Across America, what's being preached to parents and children alike is a change of heart. Back when she was in eighth and ninth grade, Cassie had begun to dabble in witchcraft, alcohol, and drugs, her parents told ABC's religion reporter Peggy Wehmeyer. After discovering letters describing violent acts she and her friends imagined doing to their parents, Brad and Misty Bernall enrolled their daughter in a new school, sent her on an intense weekend Christian retreat, and prohibited her from leaving the house except to go to church. "It's hard," her father explained, "because you know you're taking a chance of driving your child further away from you." But one day Cassie came home, changed into a believer: "It's like she was in a dark room and somebody turned the light on, and she saw the beauty that was surrounding her."

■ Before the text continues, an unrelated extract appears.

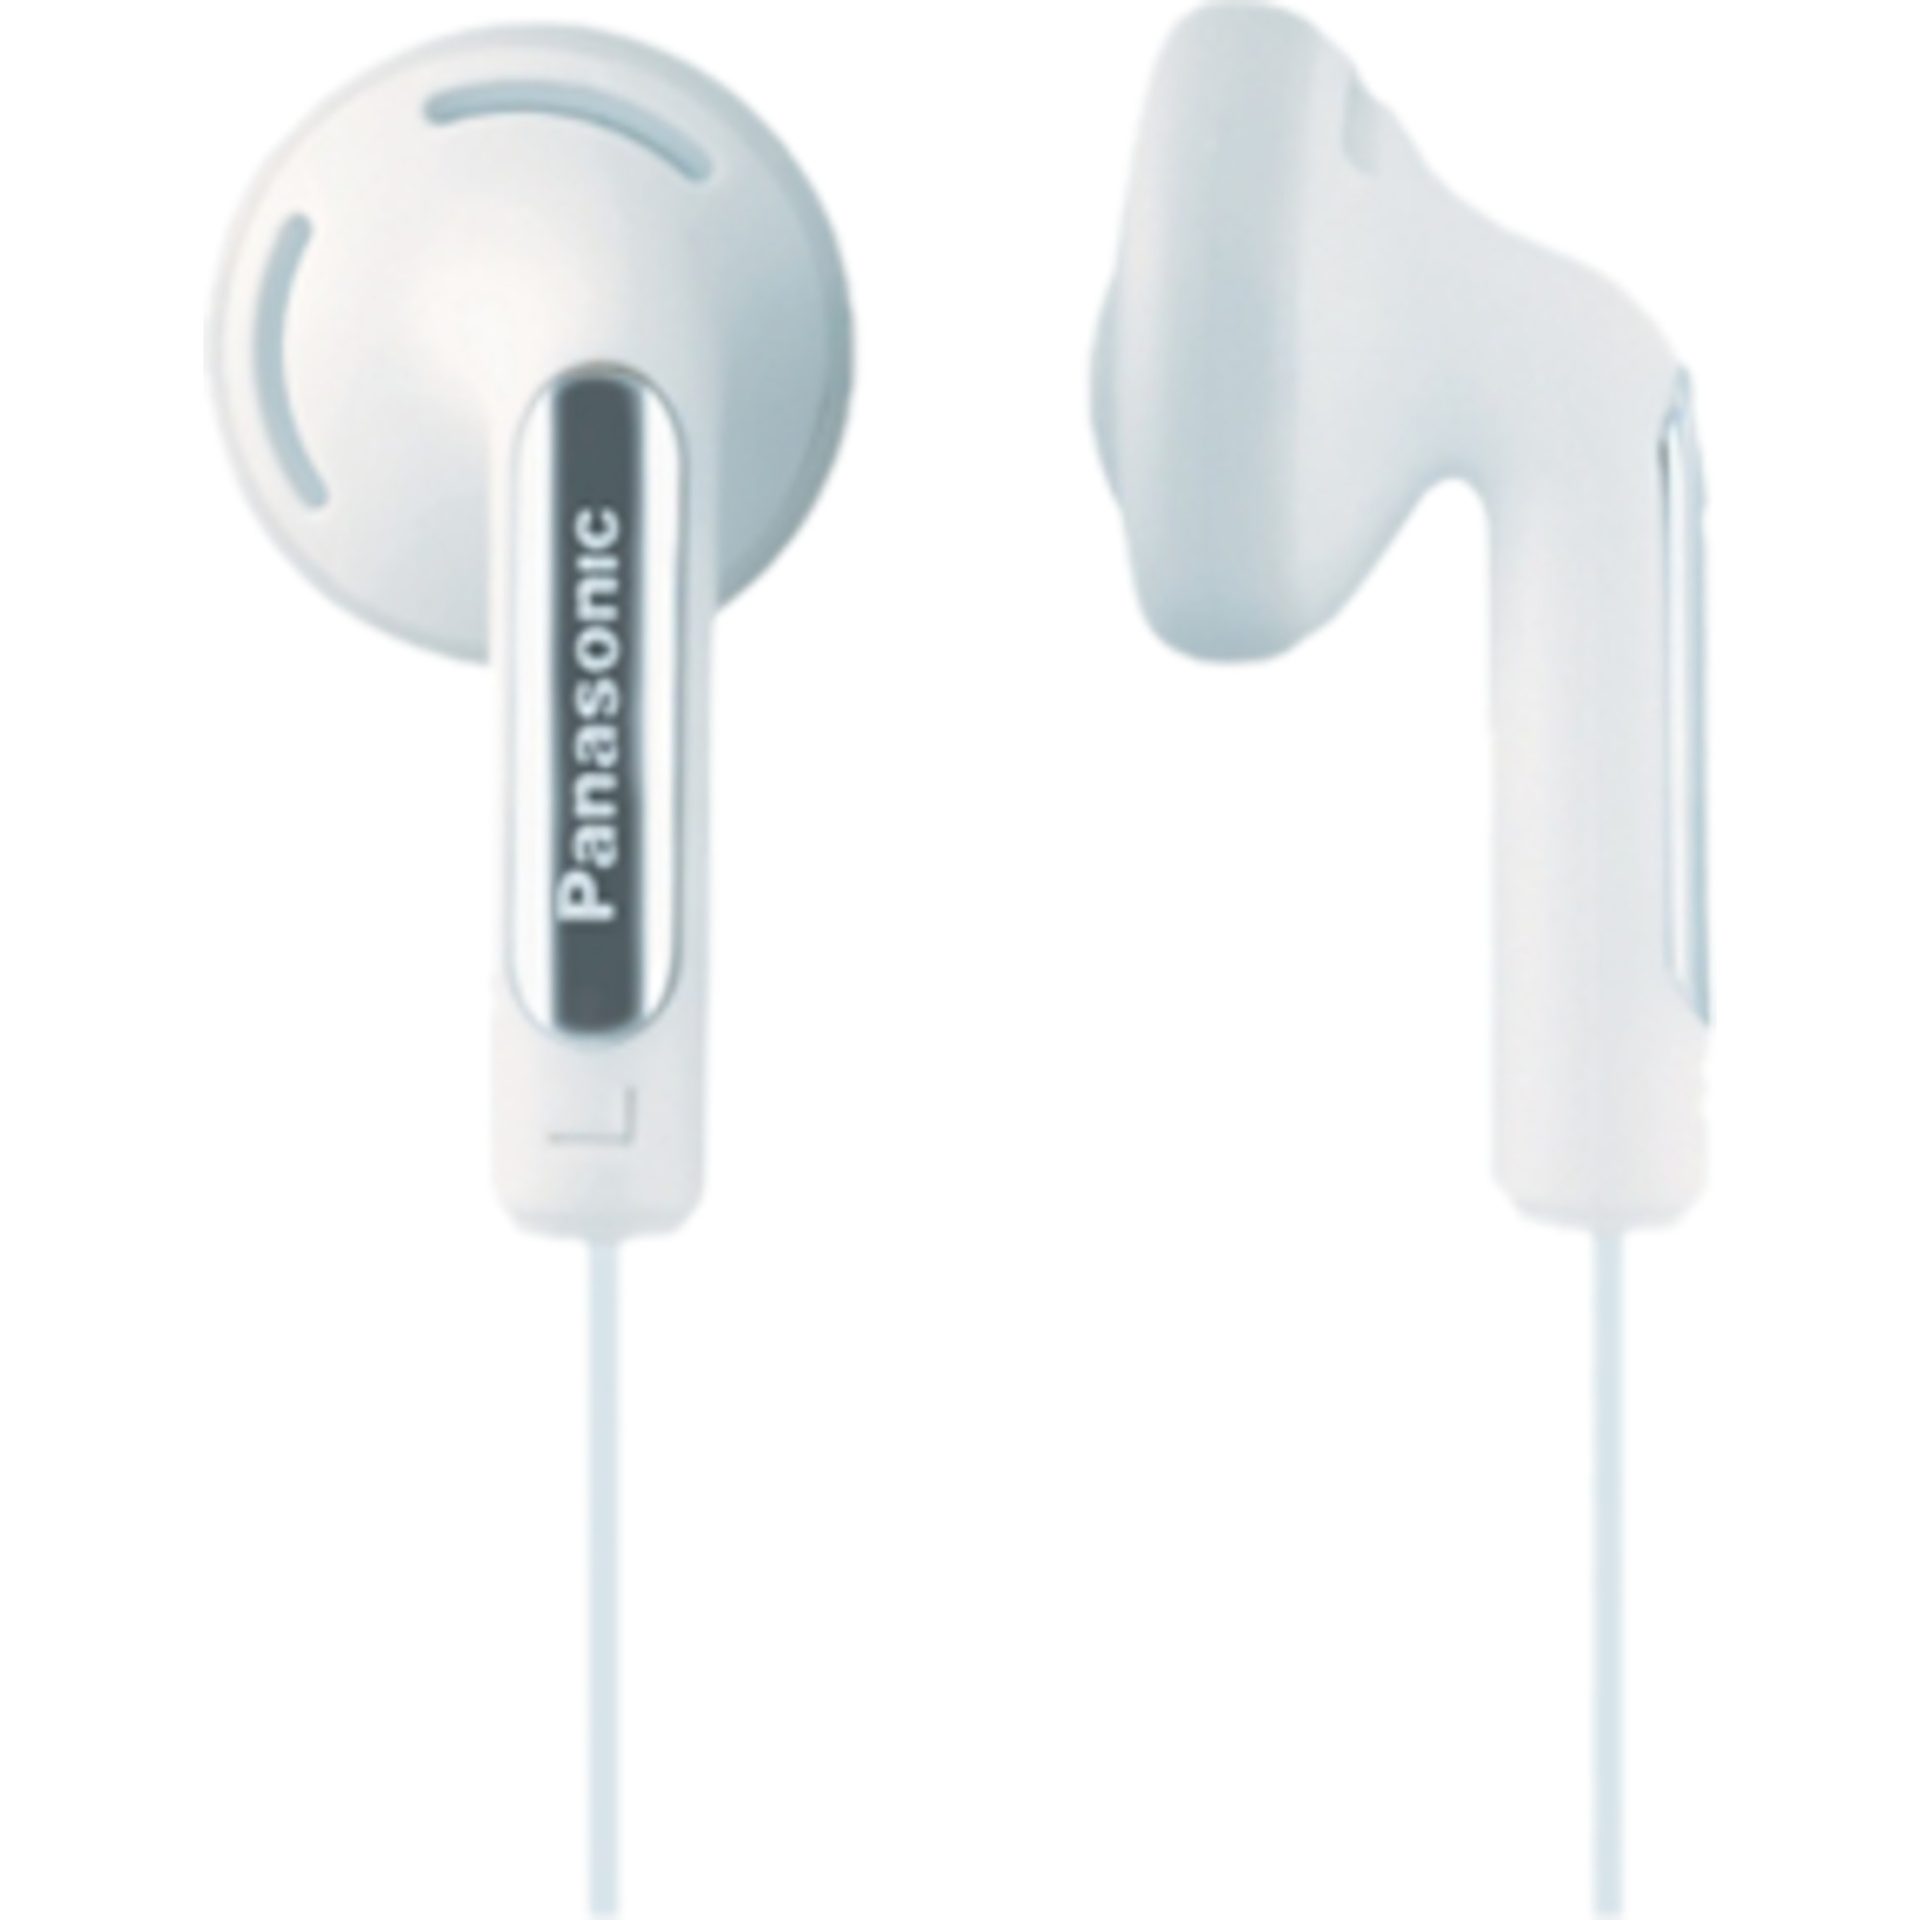 Panasonic RP-HV154 kabelová sluchátka do uší (frekvenční odezva 10 Hz - 25 kHz, 14,8mm měnič, neodymový magnet, 1,2m kabel), bílá

A signal that the old categories of the culture wars no longer fit may be the fact that Cassie Bernall's story has been fairly well covered by a media often denounced by religious conservatives for anti-Christian bias. Barbara Bradley related on National Public Radio the details of Cassie's death in the first days after the murders. Peggy Wehmeyer reported the story repeatedly on ABC's evening news. The Washington Post carried Cassie's story on consecutive days, as did the New York Times, the Los Angeles Times, and many other papers.
There have been innumerable efforts to force the Littleton deaths into the well-worn grooves of social conflict-including some flat-footed attempts by Christian leaders. Franklin Graham, son of the evangelist Billy Graham, used the occasion to denounce the public schools. Boston's Roman Catholic cardinal, Bernard Law, criticized an American society in which guns are "too accessible and too acceptable." "What is causing all this turmoil?" asked Susan Swanson of Chicago's Luther Memorial Church when reached for comment by the Associated Press. "The media? TV? The Internet? Music? Or far-right-wing hate groups?"
Richard Cizik of the National Association of Evangelicals worries that "there are some Christian leaders who will use this as proof that there is a pattern of hatred for Christianity in America." An editor at a major Christian magazine complains about the "shameless manipulation of people's grief for evangelizing purposes." An important Protestant theologian warns that Cassie's story should be downplayed to keep it from providing ammunition to those Christian preachers who "pander" to Americans' "desire to pose as victims, when the real martyrs today are in China and Sudan."
When Vice President Gore made a mild speech calling upon God for help in mourning the Littleton students, he was attacked on culture-wars grounds from both the left and the right. In a column in the Washington Post, Richard Cohen mocked Gore for failing to make a strong call for gun control, and Focus on the Family's Tom Minnery demanded, "Why is it that only after it is too late . . . is secular government willing to acknowledge God?"
For a huge swath of Americans, this sort of rhetoric has come to seem quite dated in just the 12 days since Klebold and Harris put a gun to Cassie Bernall's head. They're hearing sermons about the surprising works of God in Colorado. They're reading Matthew 10:32: "Whosoever therefore shall confess me before men, him will I confess also before my Father." They're listening to a Catholic radio station in Michigan proclaim that Cassie has received "the white crown." They're not thinking about gun control, or grief counseling, or public schools, or the separation of church and state. They're thinking about a change of heart. They're full of astonishment at the birth of an American martyr.